The U.S. military has made clear that any future robot weapons systems will always need manual authorisation before opening fire on human targets. The Department of Defense issued a new policy directive saying that any semi-autonomous weapons systems will be designed so they need human authorisation to open fire.
The promise comes after a Human Rights Watch report called for an international ban on ‘killer robots’, which the group warned could be deployed within 20 years.
Soon after that report was published, Deputy Defense Secretary Ashton Carter signed a series of instructions ‘to minimise failures that could lead to unintended engagements or to loss of control’ of armed robots.
Policy directive 3000.09 says: ‘Semi-autonomous weapon systems that are onboard or integrated with unmanned platforms must be designed such that, in the event of degraded or lost communications, the system does not autonomously select and engage individual targets or specific target groups that have not been previously selected by an authorised human operator.’
In order to make sure this is the case, the Pentagon asks that the hardware and software controlling robot weapons comes equipped with ‘safeties, anti-tamper mechanisms, and information assurance’. They must also be designed to have proper ‘human-machine interfaces and controls’. Above all, they must ‘allow commanders and operators to exercise appropriate levels of human judgement over the use of force’.

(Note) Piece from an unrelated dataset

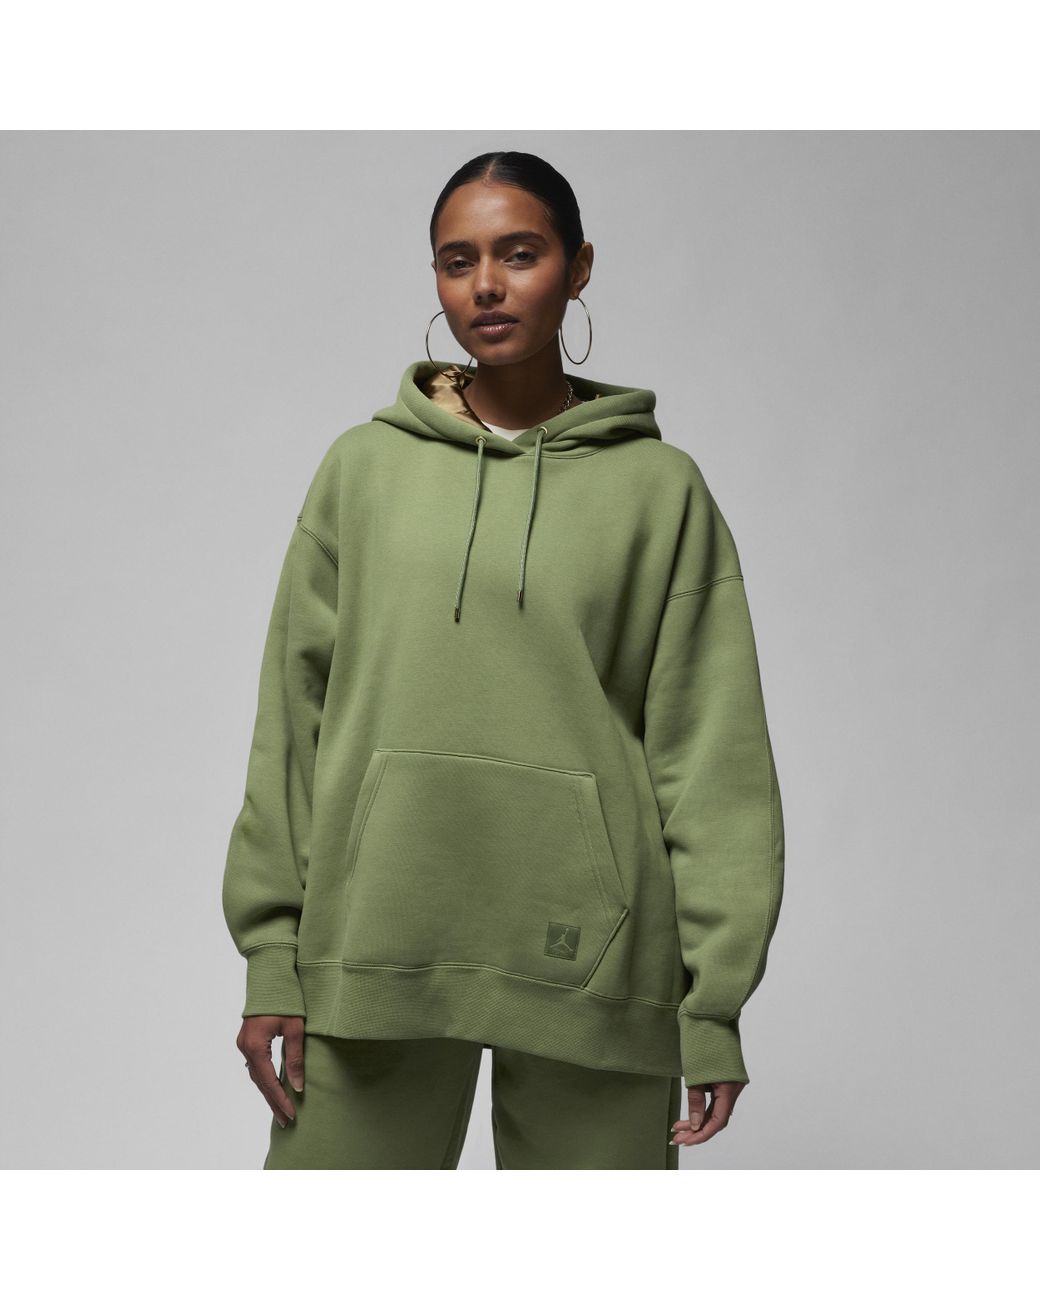 Nike Jordan Flight Fleece Pullover Hoodie in Green | Lyst Australia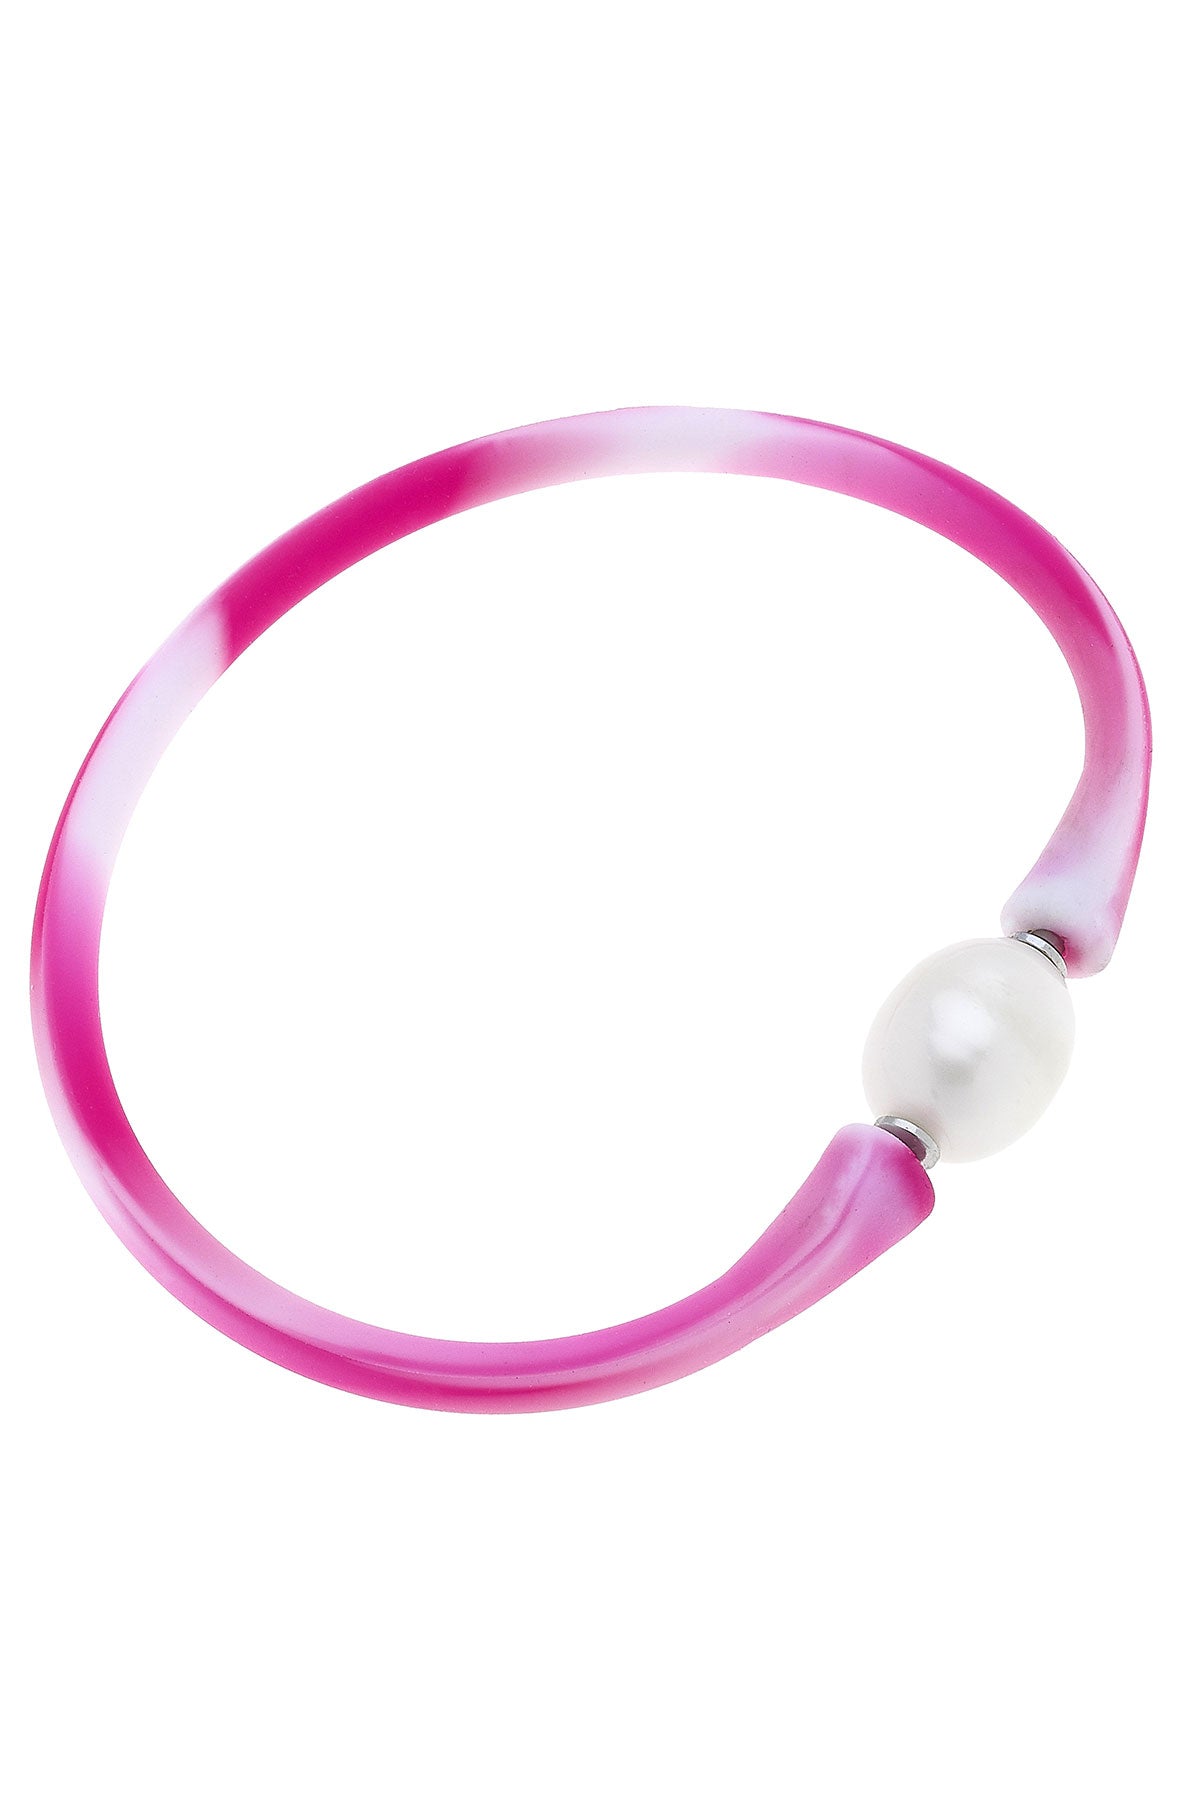 Bali Freshwater Pearl Silicone Bracelet in Tie Die Pink

The Pentagon’s promise comes after a joint Human Rights Watch and Harvard Law School report raised the alarm over the ethics of allowing robots to take decisions as to when to open fire on humans.
Although no U.S. drone is yet able to pull the trigger without a human operator’s direction, the report warned that militaries worldwide are ‘very excited’ about machines that could one day be deployed alone in battle. Death from above: A U.S. Air Force MQ-9 Reaper drone takes off from Kandahar, Afghanistan.